## MATERIAL PROVIDED

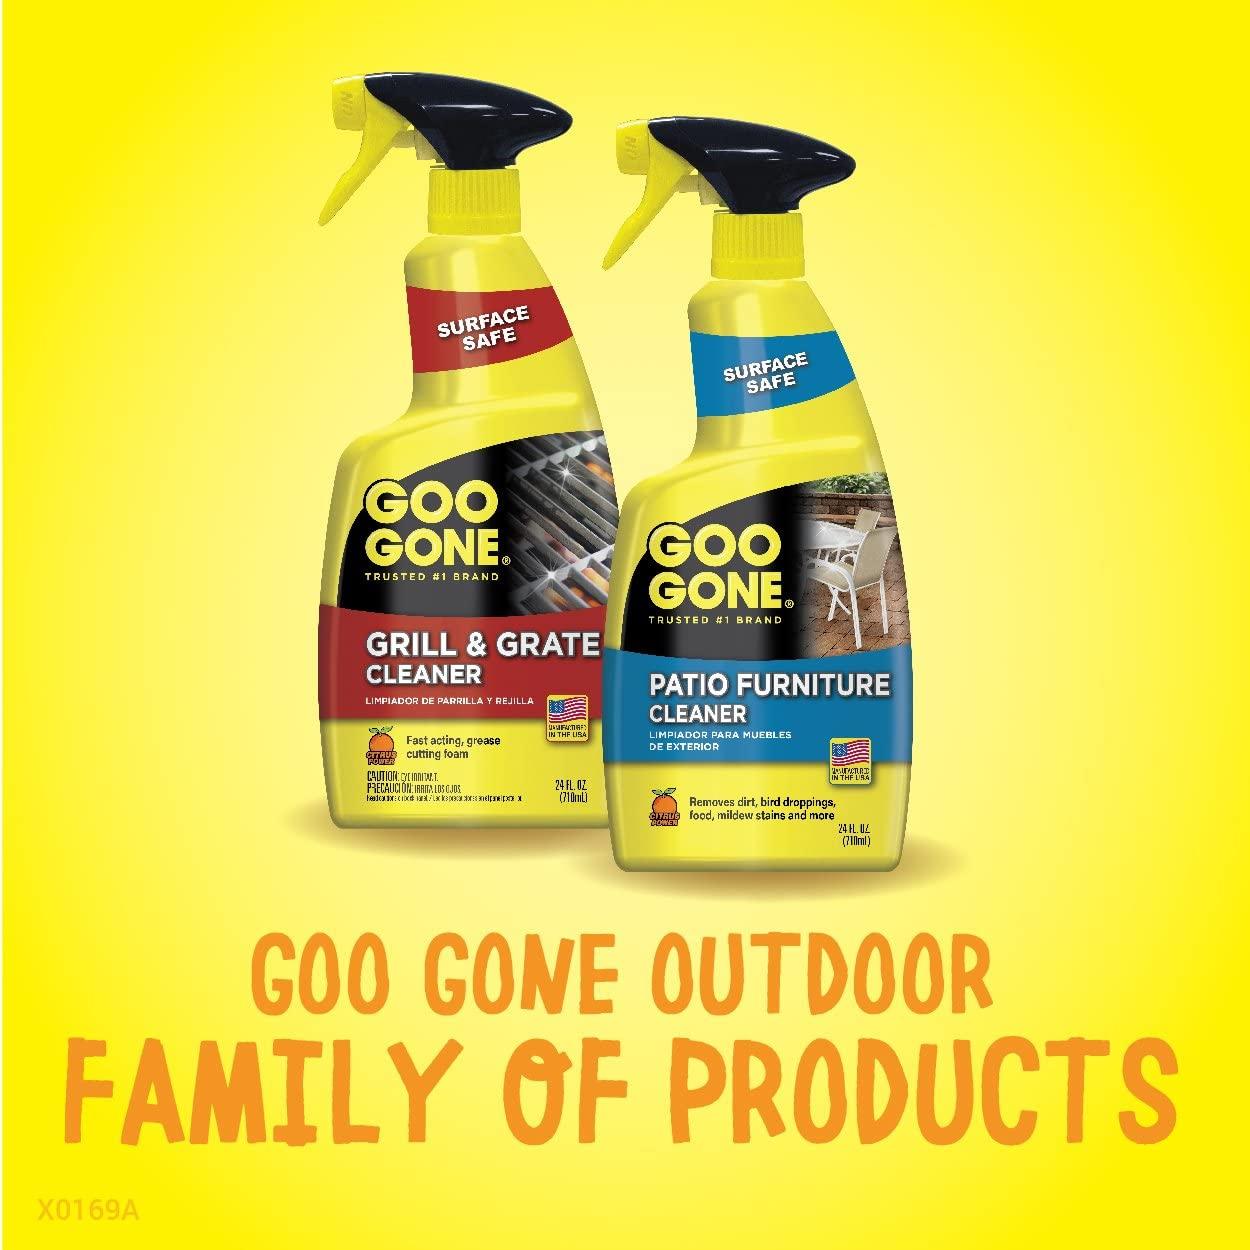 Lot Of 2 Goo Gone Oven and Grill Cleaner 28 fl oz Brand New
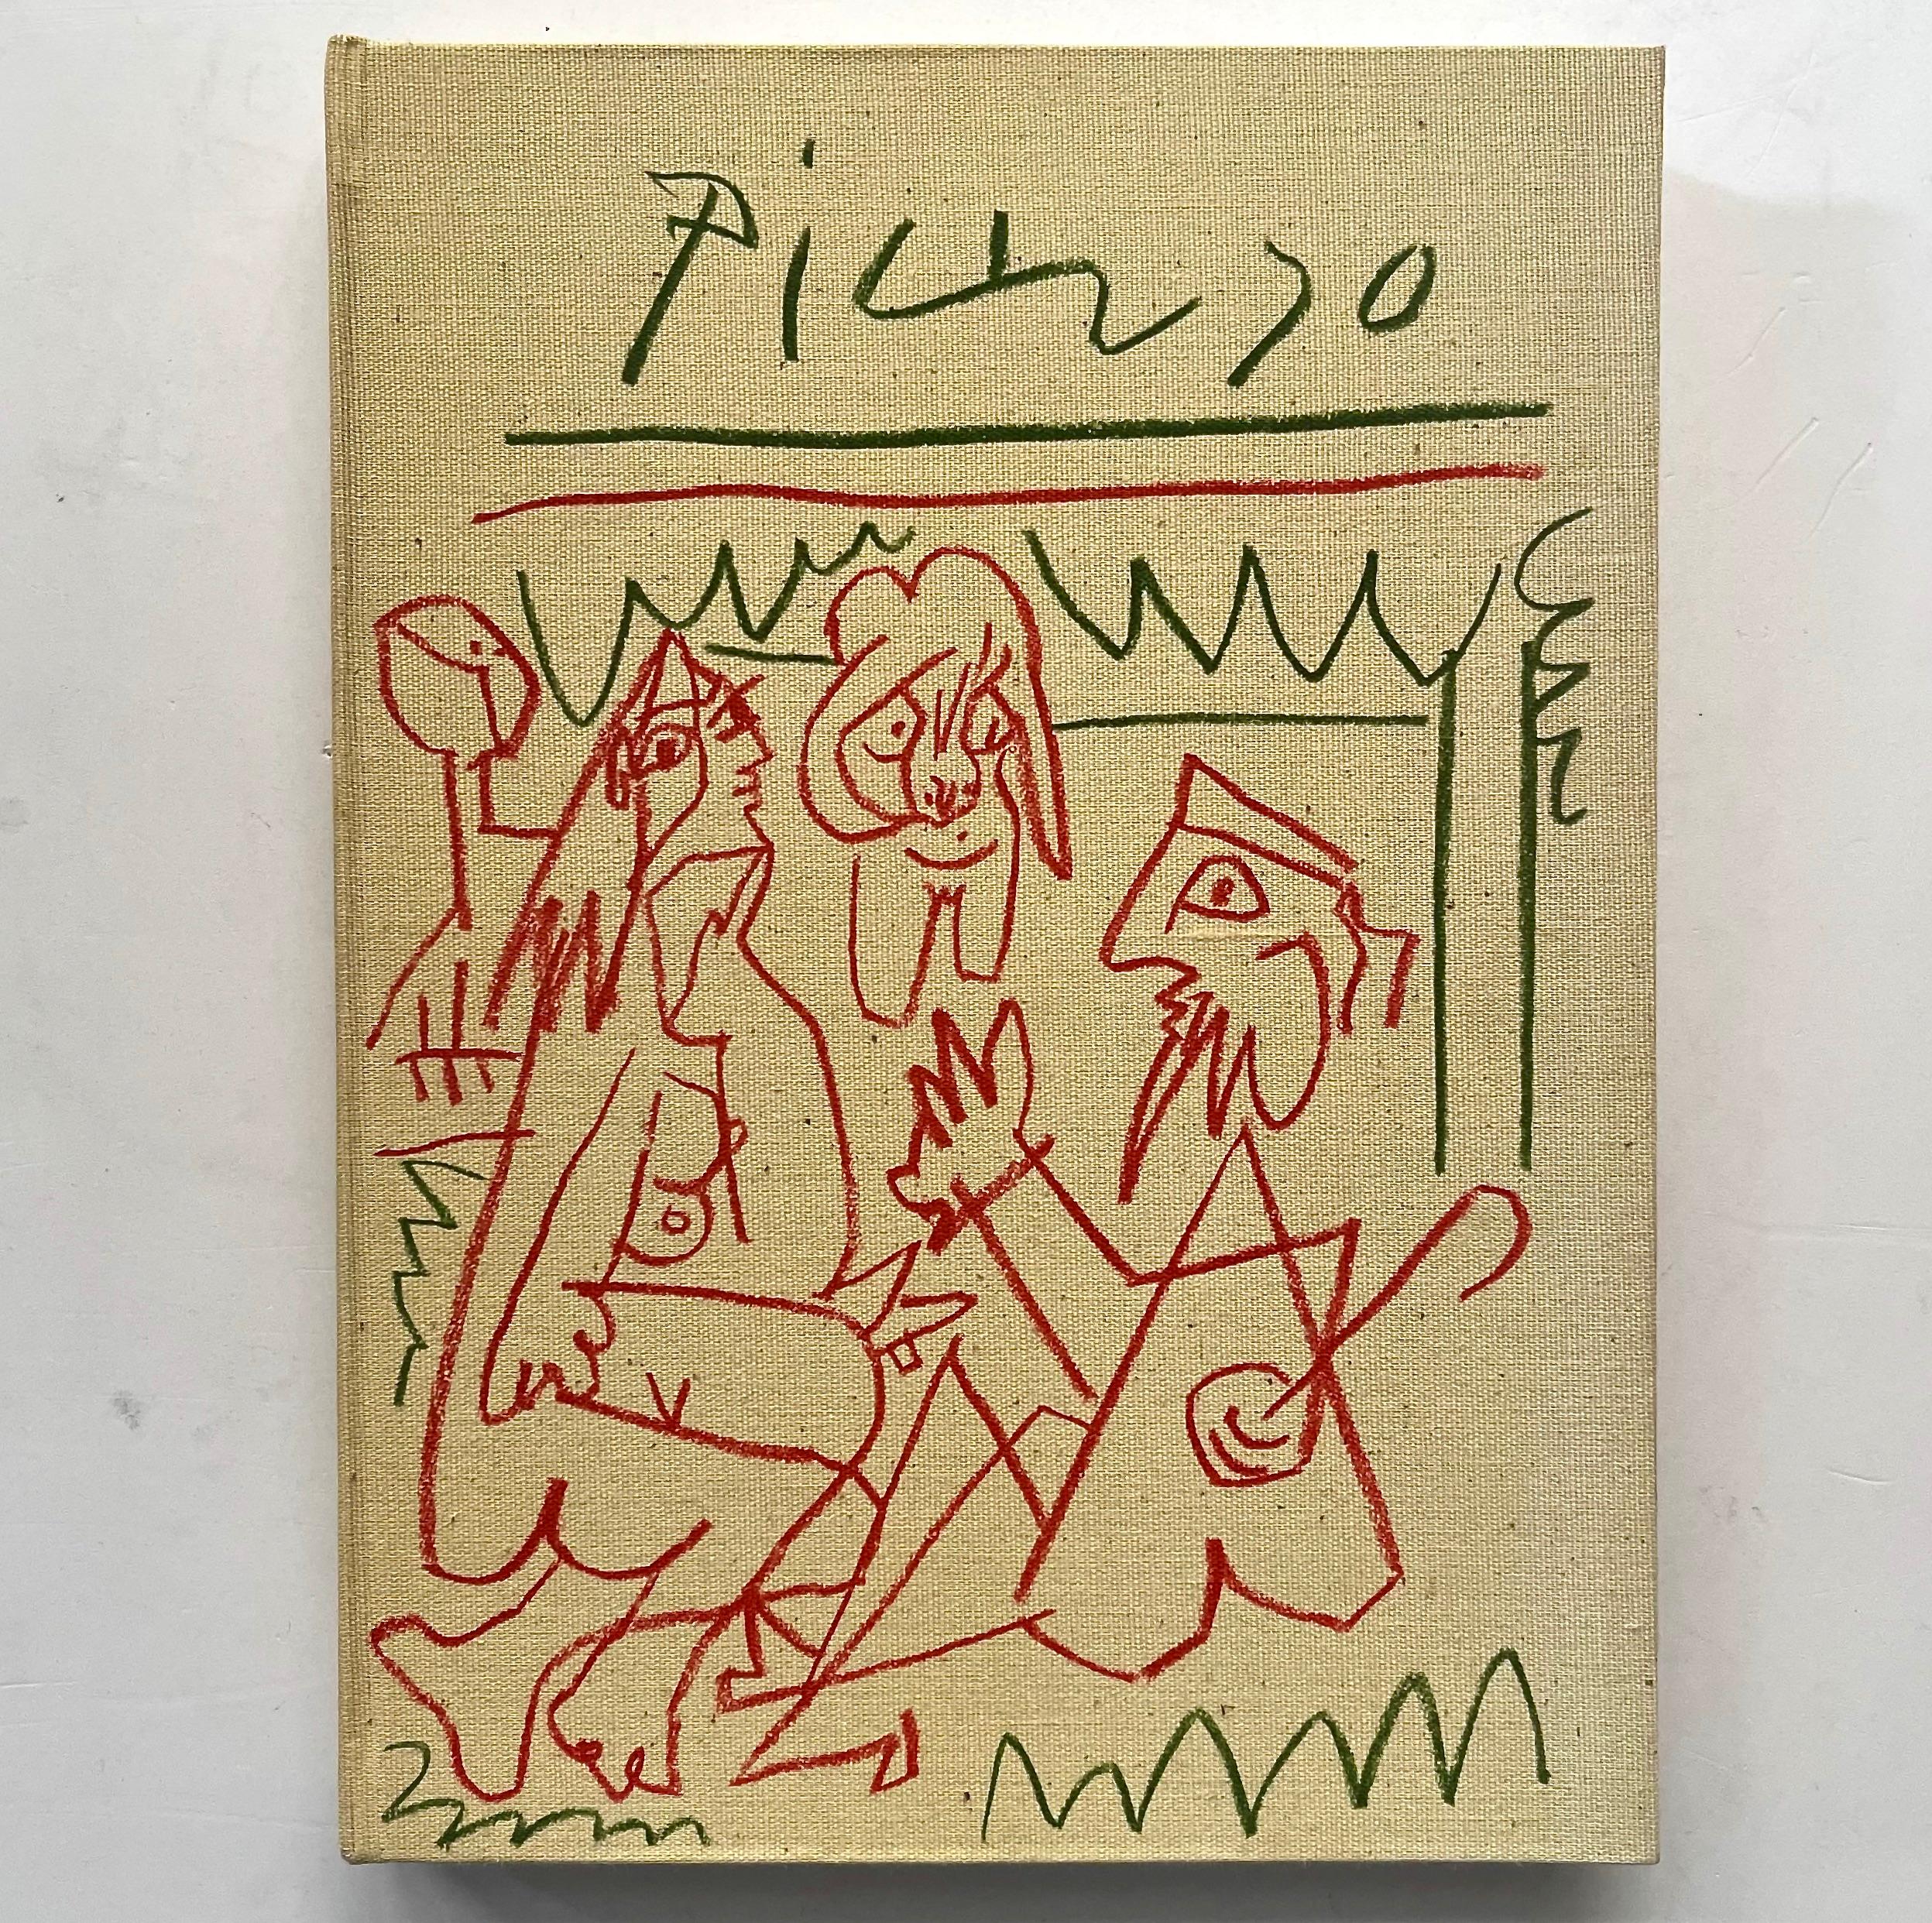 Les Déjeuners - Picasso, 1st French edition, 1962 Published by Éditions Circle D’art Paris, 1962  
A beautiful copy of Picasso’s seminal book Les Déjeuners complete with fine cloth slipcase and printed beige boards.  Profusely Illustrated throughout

## WORK INSTRUCTIONS
Every line above should be output exactly, except for the pictures.

## ANSWER AREA
 Lot Of 2 Goo Gone Oven and Grill Cleaner 28 fl oz Brand New
 Les Déjeuners - Picasso, 1st French edition, 1962 Published by Éditions Circle D’art Paris, 1962  
A beautiful copy of Picasso’s seminal book Les Déjeuners complete with fine cloth slipcase and printed beige boards.  Profusely Illustrated throughout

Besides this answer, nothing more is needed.